Я хочу, чтобы правильно поняли высокую принципиальность их пассивного сопротивления и тот глубокий перелом, который произошел в их сознании.
Русские солдаты колебались, спорили. Слова «русская революция» горели в их сердцах, но они не стали действовать как фанатики, поддавшись первому побуждению. У них не было никаких агрессивных намерений. Они проявляли полную бездеятельность и даже позволили противникам убивать их – точно так же, как несколькими годами позже индусы под влиянием учения Ганди подставили свои обнаженные тела под английские пулеметы, бомбы и штыки.
Основной пункт их требований гласил: мы имеем право распоряжаться собственной судьбой, так как революция произвела в России коренные преобразования. Наше обязательство не более как пустой звук: ведь те, кому мы его давали и кто нас обманул – наши прежние хозяева, – сметены мощным дыханием революции. Судьба наша должна измениться, раз перед нами открылась правда. Мы не желаем больше мириться с тем, что нас продали как убойный скот только потому, что Николай II жаждал заполучить Константинополь и поэтому нуждался во французских деньгах. Нам нет дела до того, что английский империализм желал сохранить господство над морями, а немецкий империализм мечтал сам овладеть ими. Нас не касается то, что Соединенные Штаты и прочие международные спекулянты хотели нажиться на этой войне. Мы не желаем больше принимать всерьез нелепое утверждение, что Германия Вильгельма II – единственная хищная страна среди ангельского хора других великих держав. Мы с полным правом требуем, чтобы расторгнули сделку, согласно которой продали наши души и тела, и возвратили бы нам свободу.
Офицеры же говорили иное: «Революция? Прекрасно! Да здравствует свобода! Но нужно продолжать войну во имя выгоды правительств Англии, Франции и Италии. Если вы откажетесь воевать, то вы, во‑первых, трусы, во‑вторых, своим отказом вы всадите нож в спину революции и, кроме того, французские пушки заставят вас образумиться».

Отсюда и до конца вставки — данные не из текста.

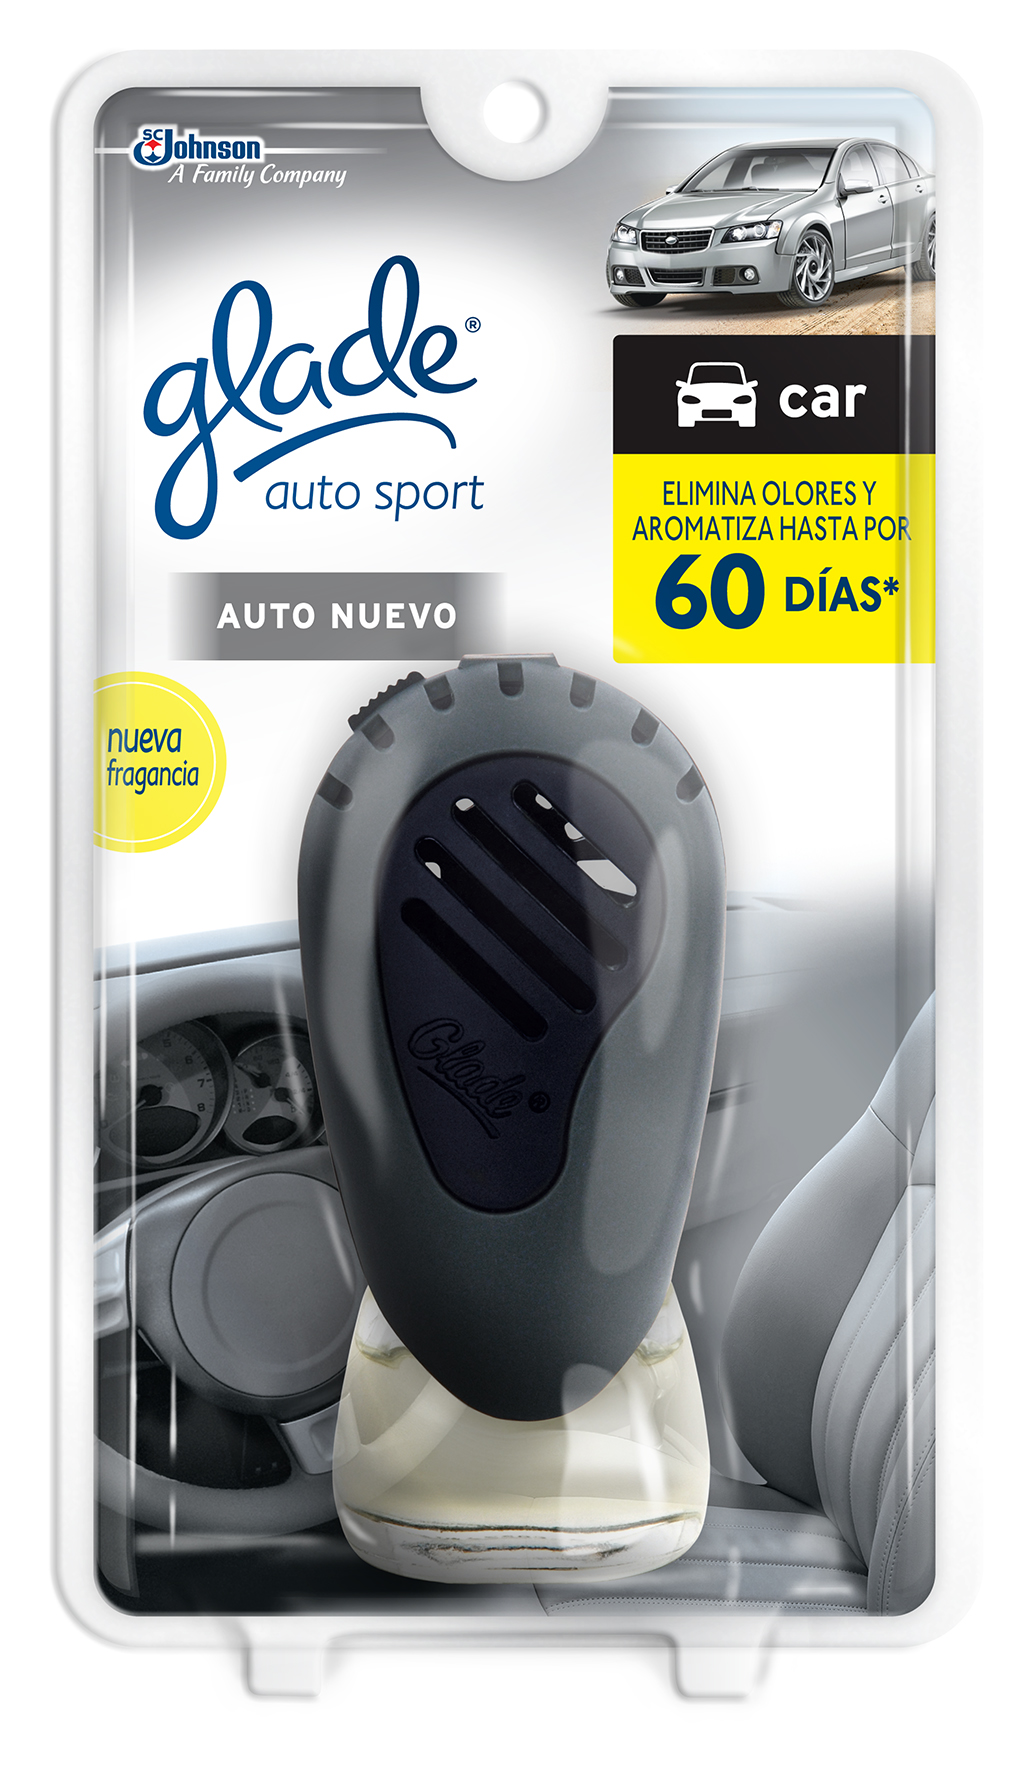 Glade® Auto Sport Aparato Auto Nuevo

Я уже упоминал, что, как все нормальные и разумные люди, желающие понять и исполнить свой истинный долг, русские солдаты долго спорили между собой. Спорили они и перед штурмом Бримона, но не потому, что ими владел страх, – они достаточно показали свою храбрость при наступлении, – а потому, что хотели действовать по велению долга. И, не имея опыта, не зная, на что решиться, они закончили свои споры словами: «Мы пойдем туда, куда нам прикажут идти офицеры, и будем делать то, что они нам прикажут». После чего они строем отправились на бойню.

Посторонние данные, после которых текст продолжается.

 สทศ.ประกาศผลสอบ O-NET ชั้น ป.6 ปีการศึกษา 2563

А теперь вернемся в знакомые уже нам дворцы. Французские власти испугались бесстрашных мятежников, которые превратились в настоящих солдат революции. Ведь подобные примеры заразительны; во Франции уже в семнадцати воинских частях произошли бунты. Вооруженные массы людей начали понемногу понимать, что война ведется лишь в интересах капиталистов. Приходилось учитывать обстановку. И вот французские власти сказали русским властям: «Заберите к себе своих солдат или смирите их, а мы вам поможем». Но в Зимнем Керенский еще больше, чем французы, боится этих солдат, воодушевленных идеей. Этот «вождь» революции постоянно дрожал от страха перед революцией. Он и не подумал вернуть на родину революционеров. Сначала он вилял, по своему обыкновению, а затем вместо ответа послал сильные подкрепления 2‑й бригаде, враждебно настроенной к 1‑й бригаде.

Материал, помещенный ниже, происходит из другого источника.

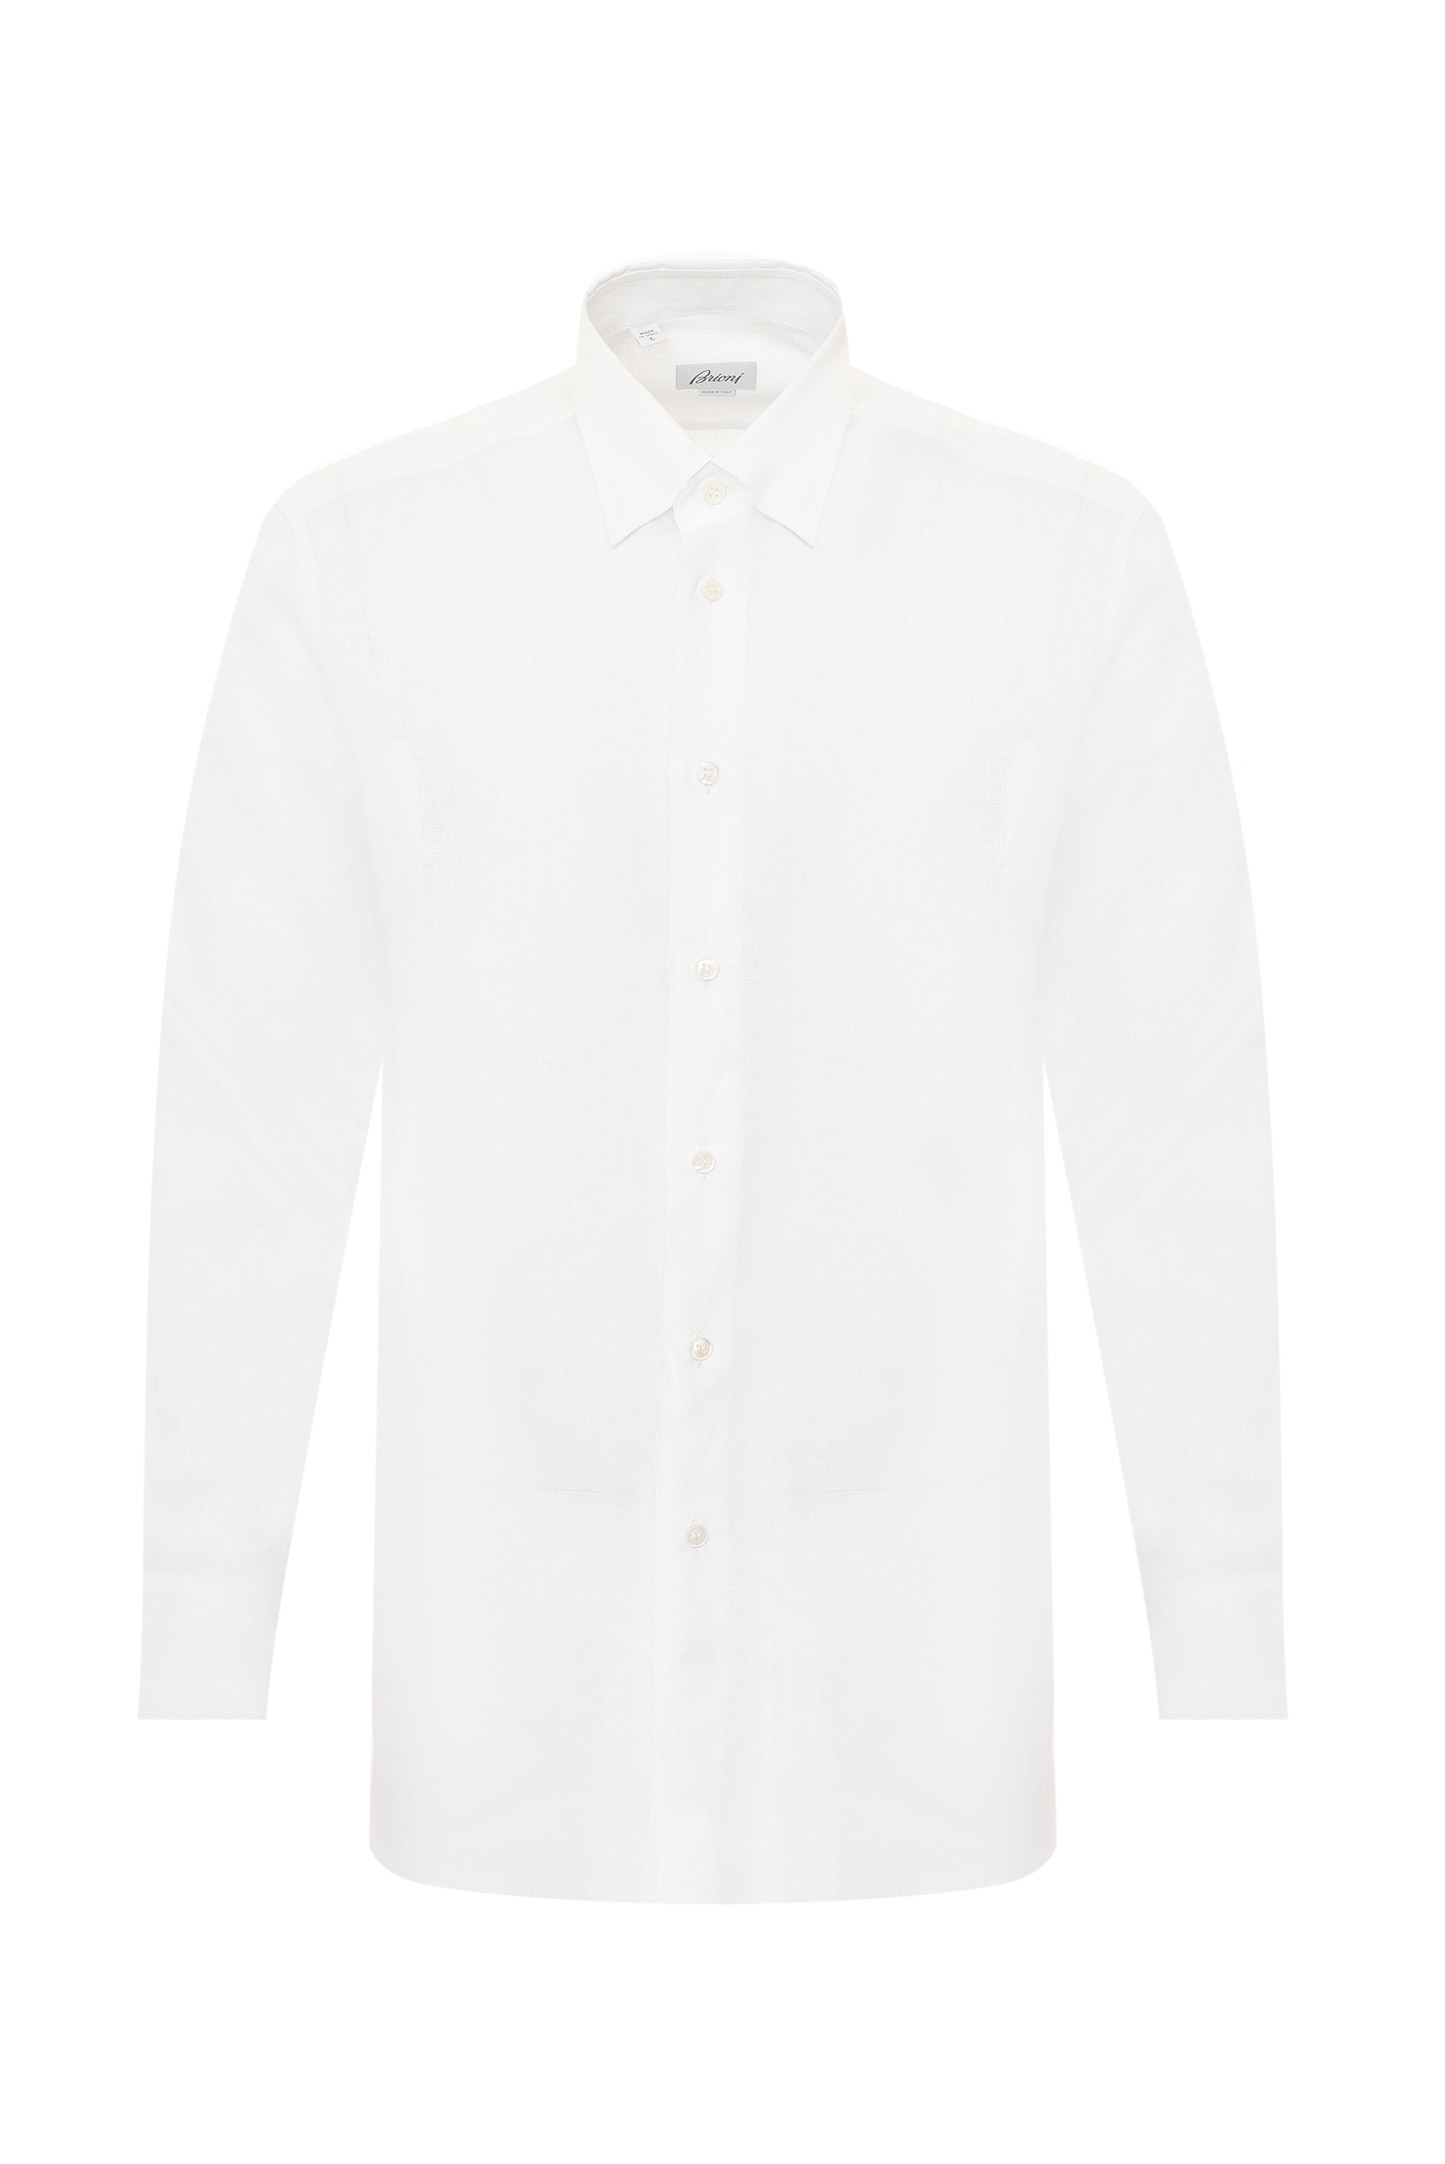 Рубашка BRIONI SCAY0L P9111, цвет: Белый, Мужской

Если бы можно было посмотреть на Ла‑Куртин с самолета, то мы увидели бы, что лагерь со всех сторон окружен войсками, которыми командует генерал Беляев{29}. Первый круг: три батальона, три пулеметных роты и четыре батареи – русские войска и французские пушки. Второй круг: французские войска – 19‑й, 78‑й, 82‑й, 105‑й линейные полки, кавалерия и артиллерия. 14 сентября – последний ультиматум генерала Беляева. Его отвергают. Эвакуируют гражданское население Ла‑Куртина, – тут собираются произвести расправу, хорошо организованное убийство.
Вот тогда‑то и происходил митинг осужденных на смерть, о котором я говорил в самом начале. Восстановим в памяти первые картины этой трагической эпопеи. Начинается бомбардировка, убиты два музыканта, затем падают еще восемь солдат. Ла‑Куртин окружен траншеями, противник методично атакует одиннадцать тысяч человек, у которых нет средств для защиты и которые обрекли себя на смерть, но не предали своих идеалов. Пять дней продолжается бойня со всеми ее ужасами; причем, особенно отличались офицеры; они зверски убивали солдат, в припадке лютой ненависти приканчивали раненых. Сотни убитых, еще больше раненых, восемьсот человек исчезло бесследно. Из одиннадцати тысяч осталось немногим более восьми тысяч. Невозможно точно установить количество убитых, потому что их хоронили ночью, тайком и сровняли с землей могильные холмы. Еще и сегодня мы не знаем, не ходим ли мы в Ла‑Куртине по могилам.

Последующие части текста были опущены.